◆ What is needed ◆
Reproduce the entire listing exactly as written, apart from its pictures.

◆ Collected data ◆
::::::
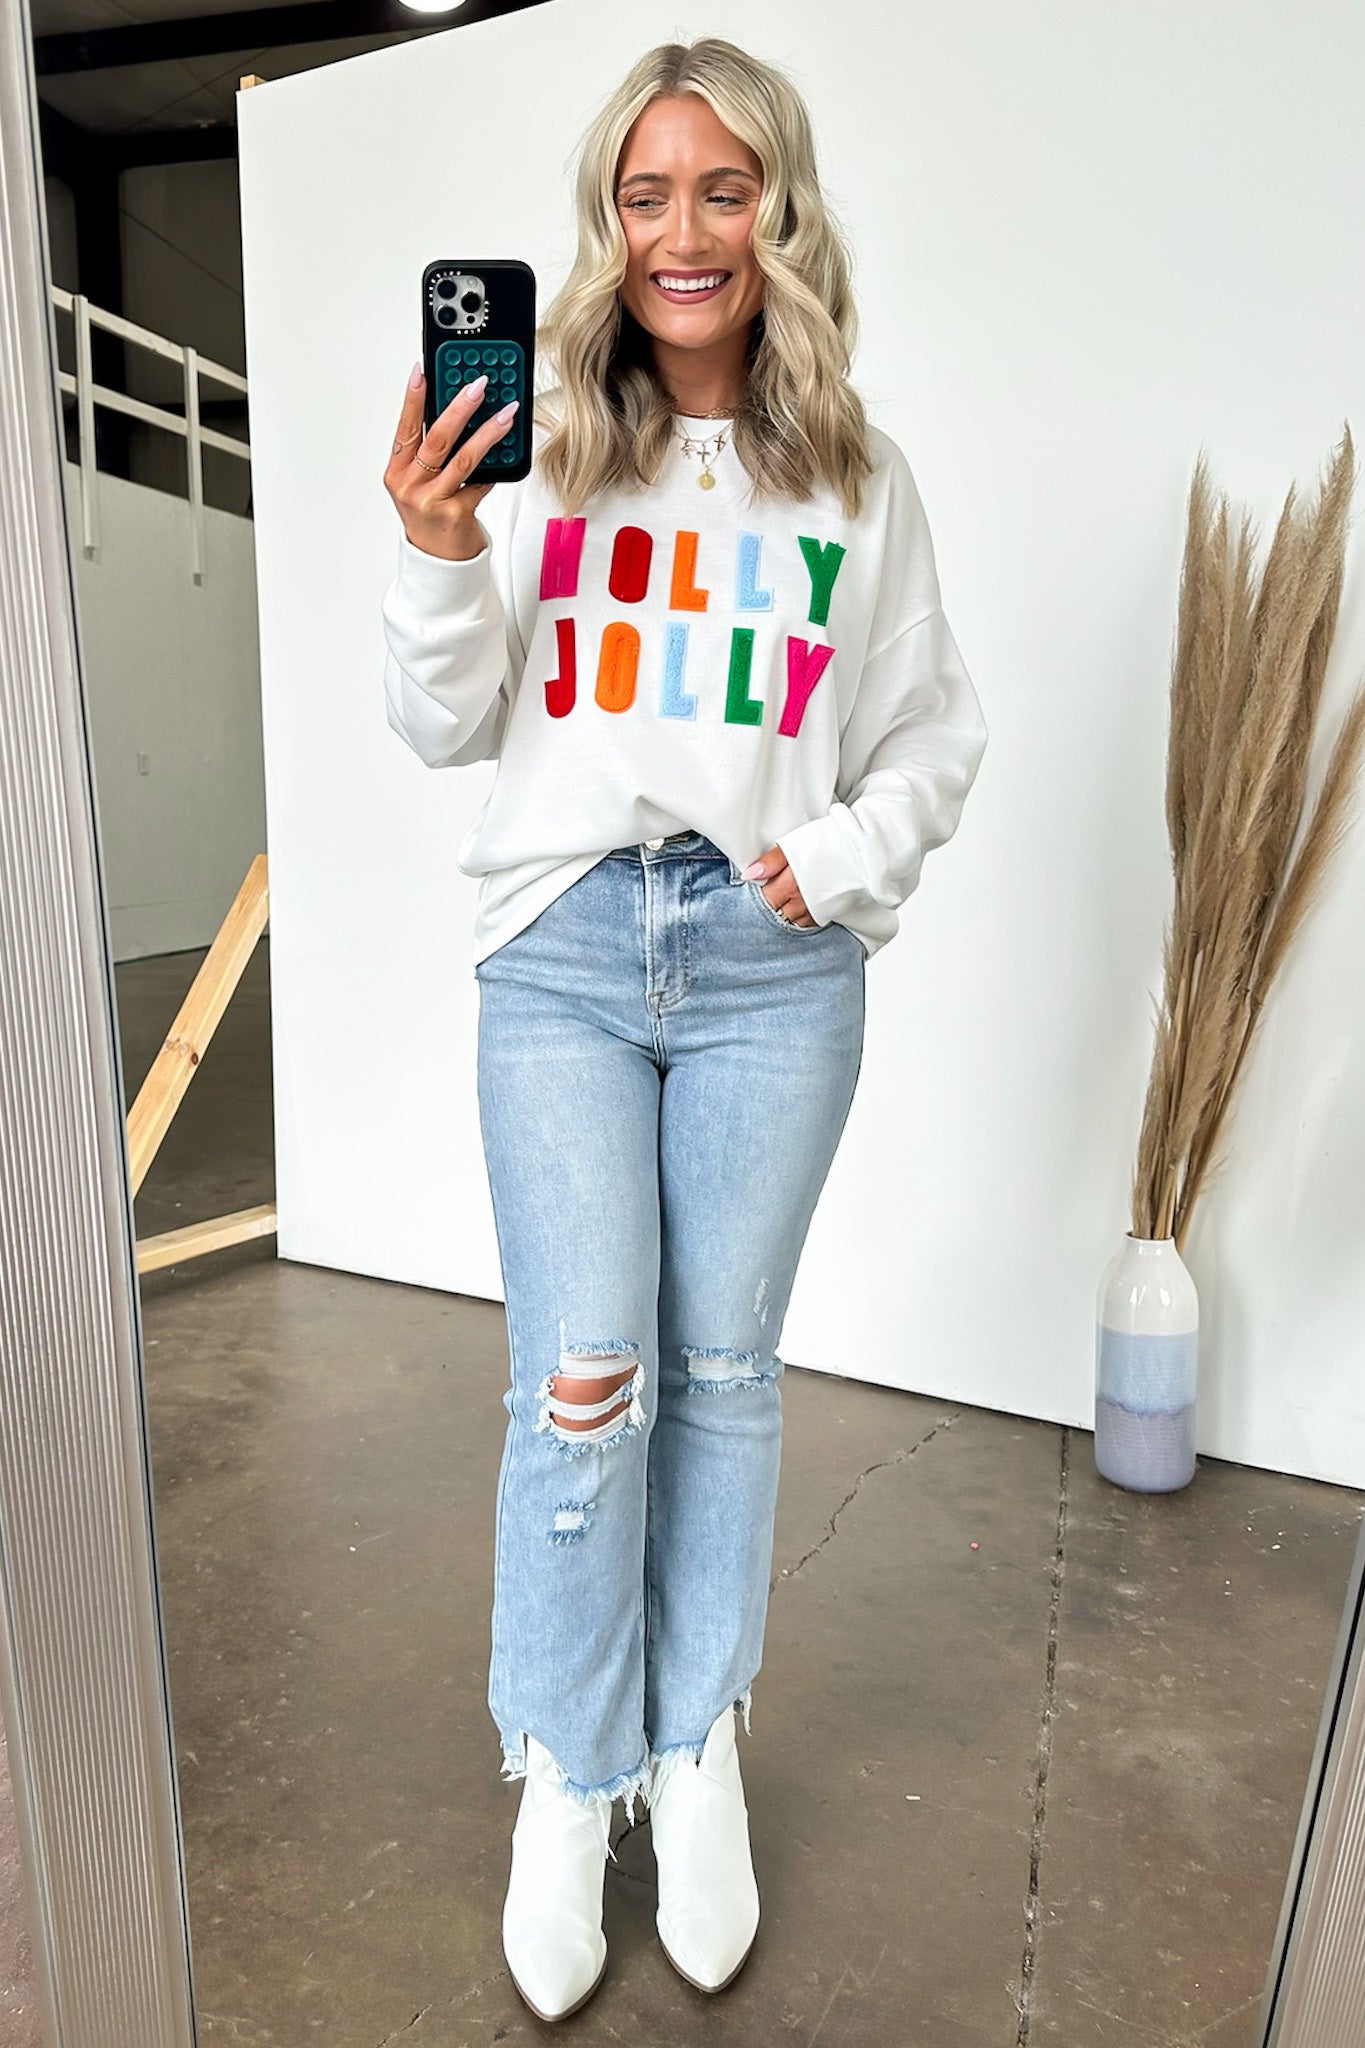  Holly Jolly French Terry Oversized Pullover - FINAL SALE - Madison and Mallory
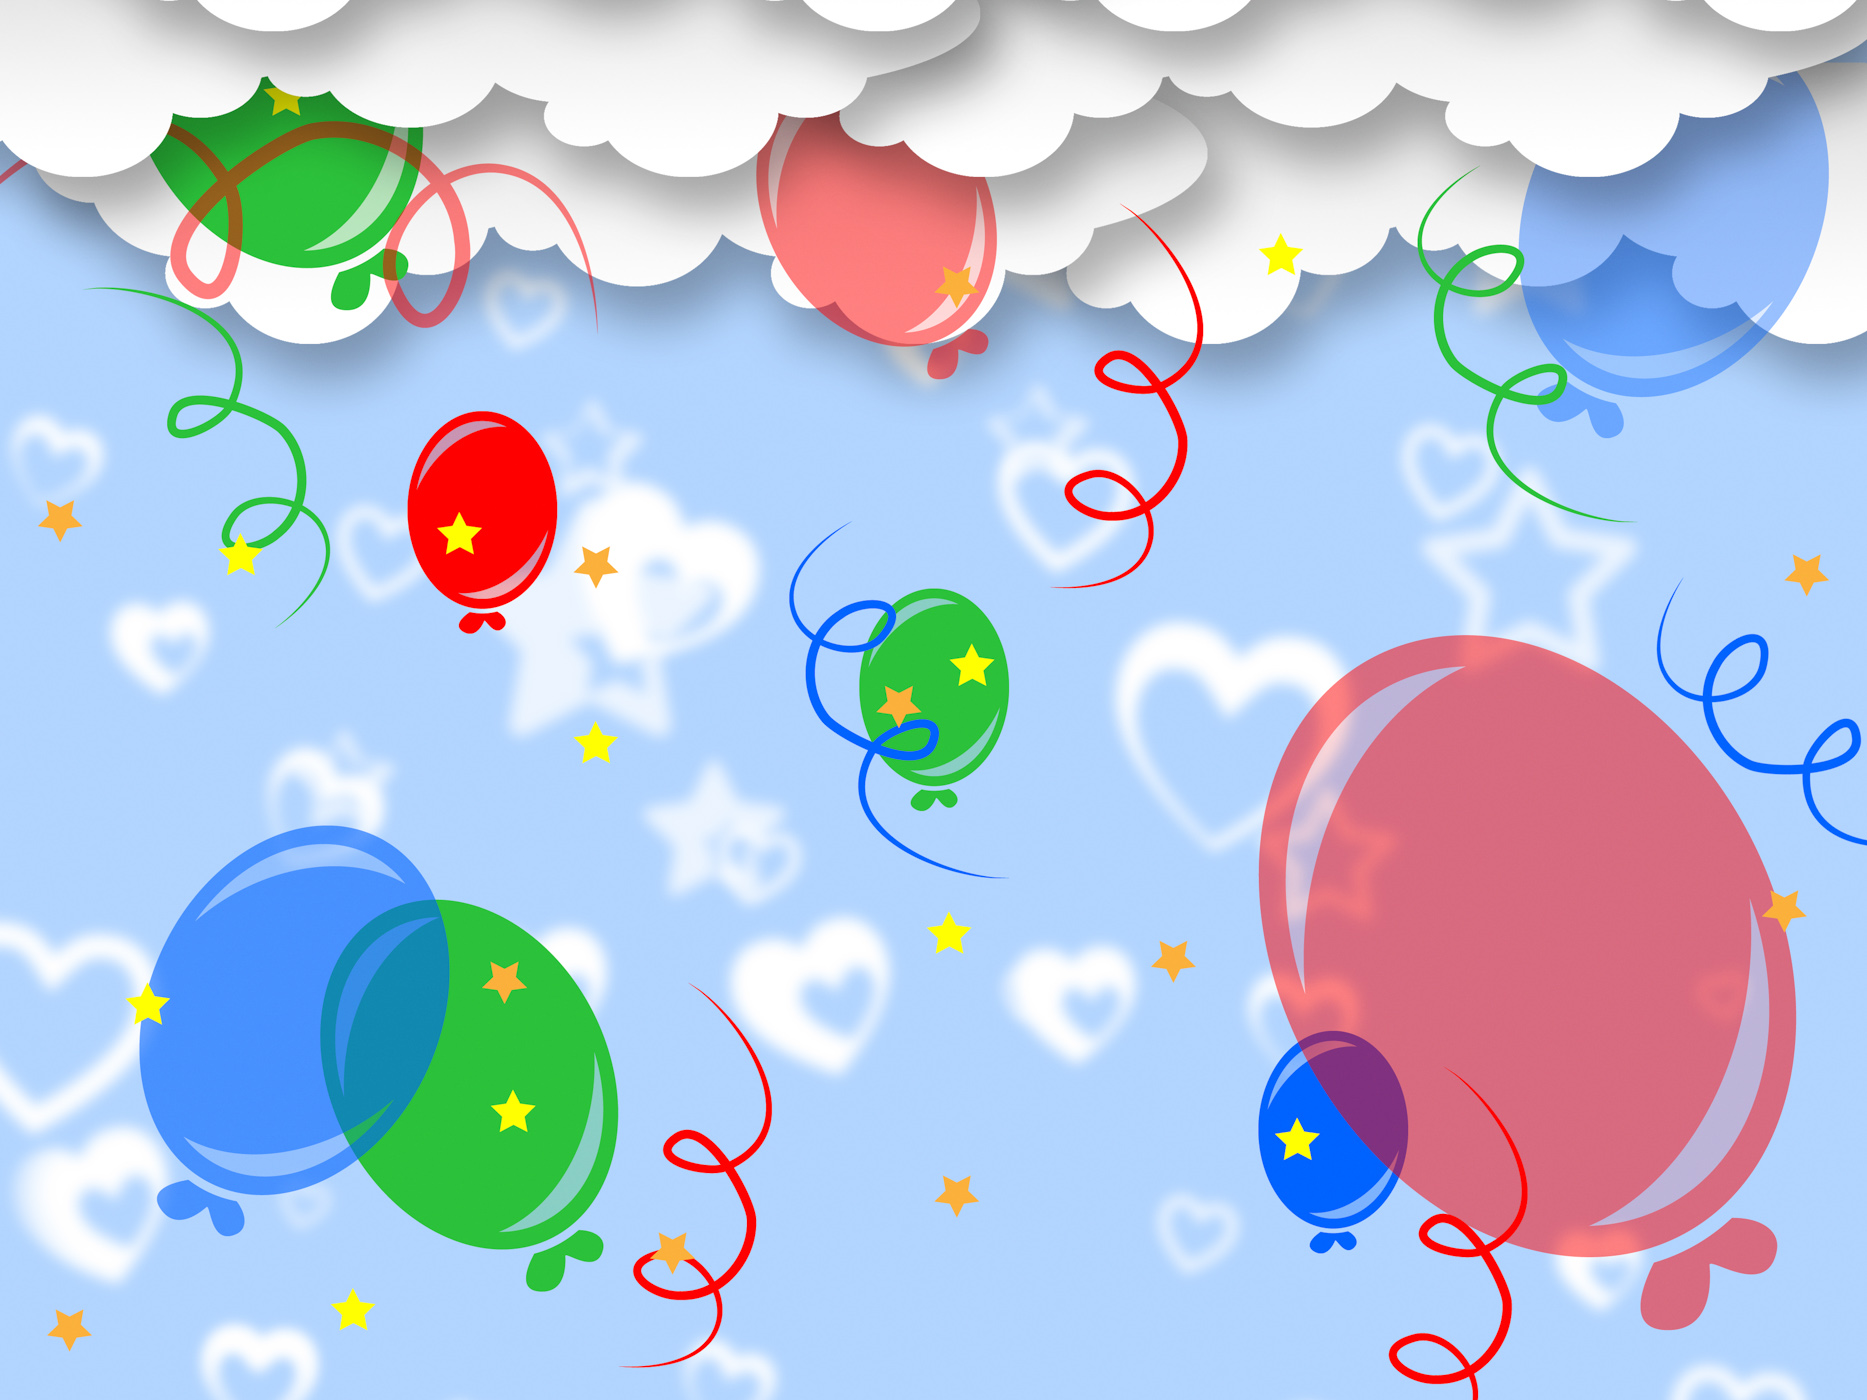 Celebrate Balloons Indicates Backgrounds Template And Party, Abstract, Cheerful, Party, Parties, HQ Photo
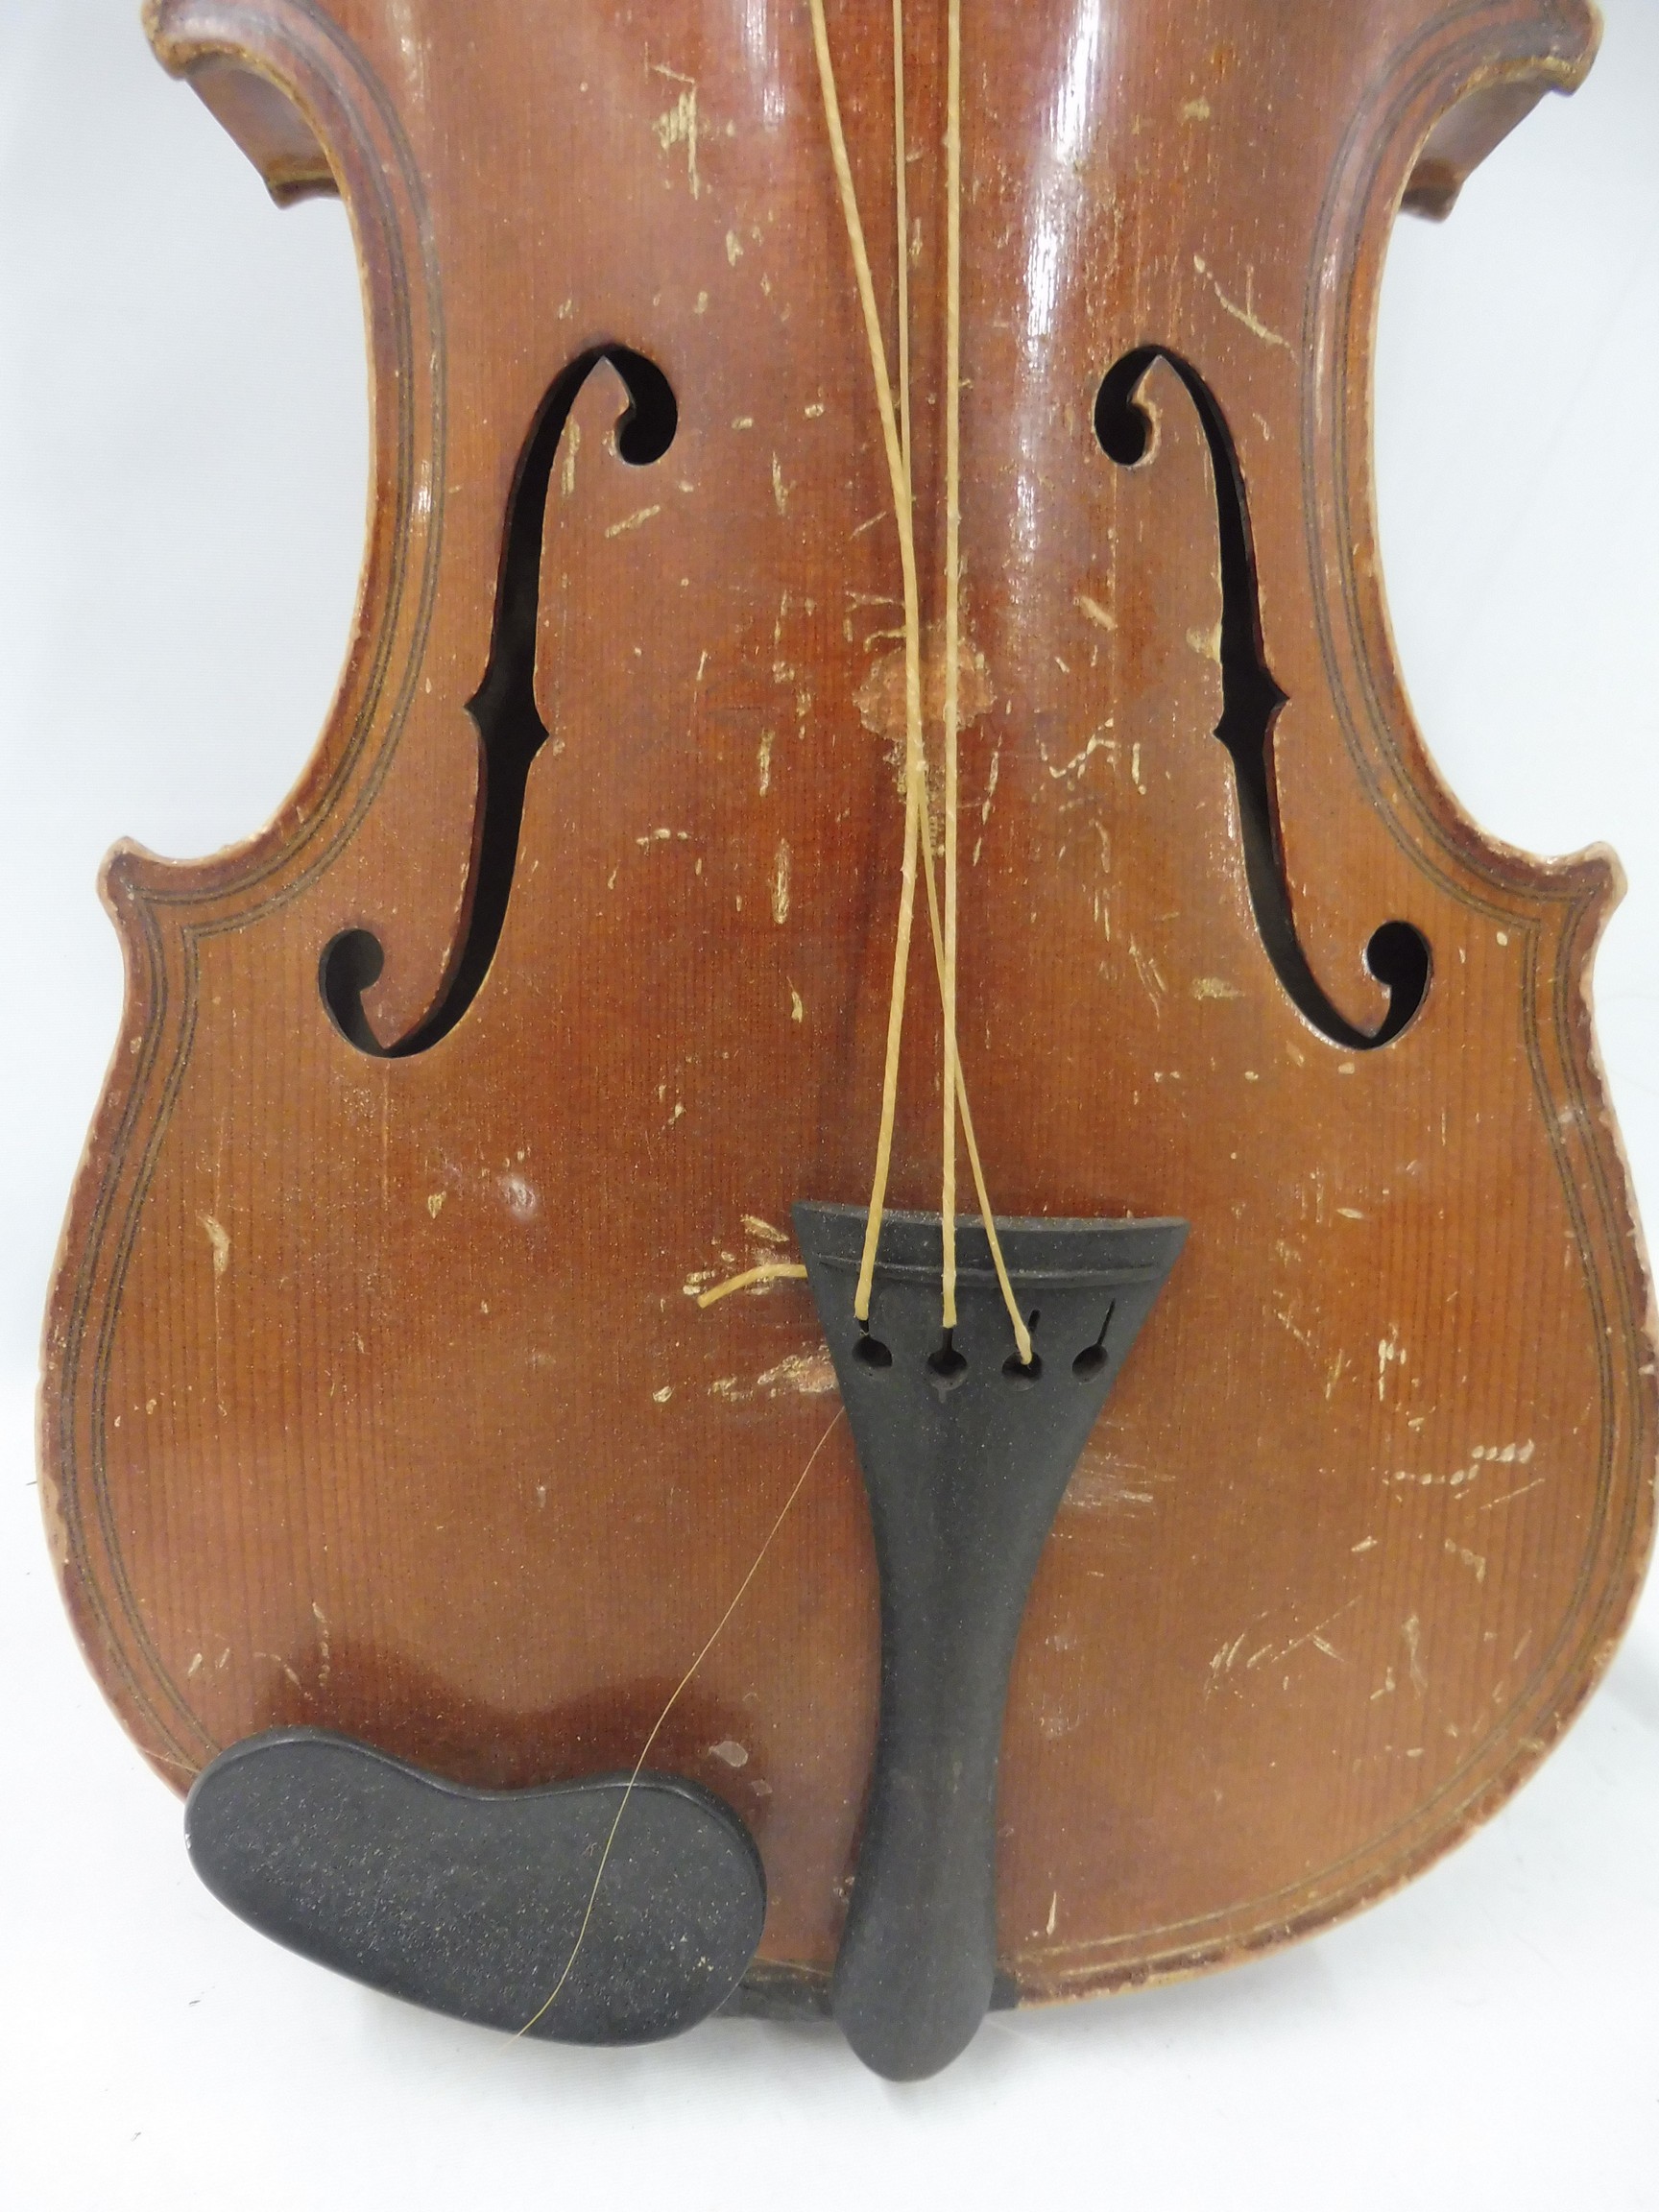 A cased old violin and bow for restoration. - Image 5 of 12
::::::
◆ Response ◆
  Holly Jolly French Terry Oversized Pullover - FINAL SALE - Madison and Mallory
 Celebrate Balloons Indicates Backgrounds Template And Party, Abstract, Cheerful, Party, Parties, HQ Photo
 A cased old violin and bow for restoration. - Image 5 of 12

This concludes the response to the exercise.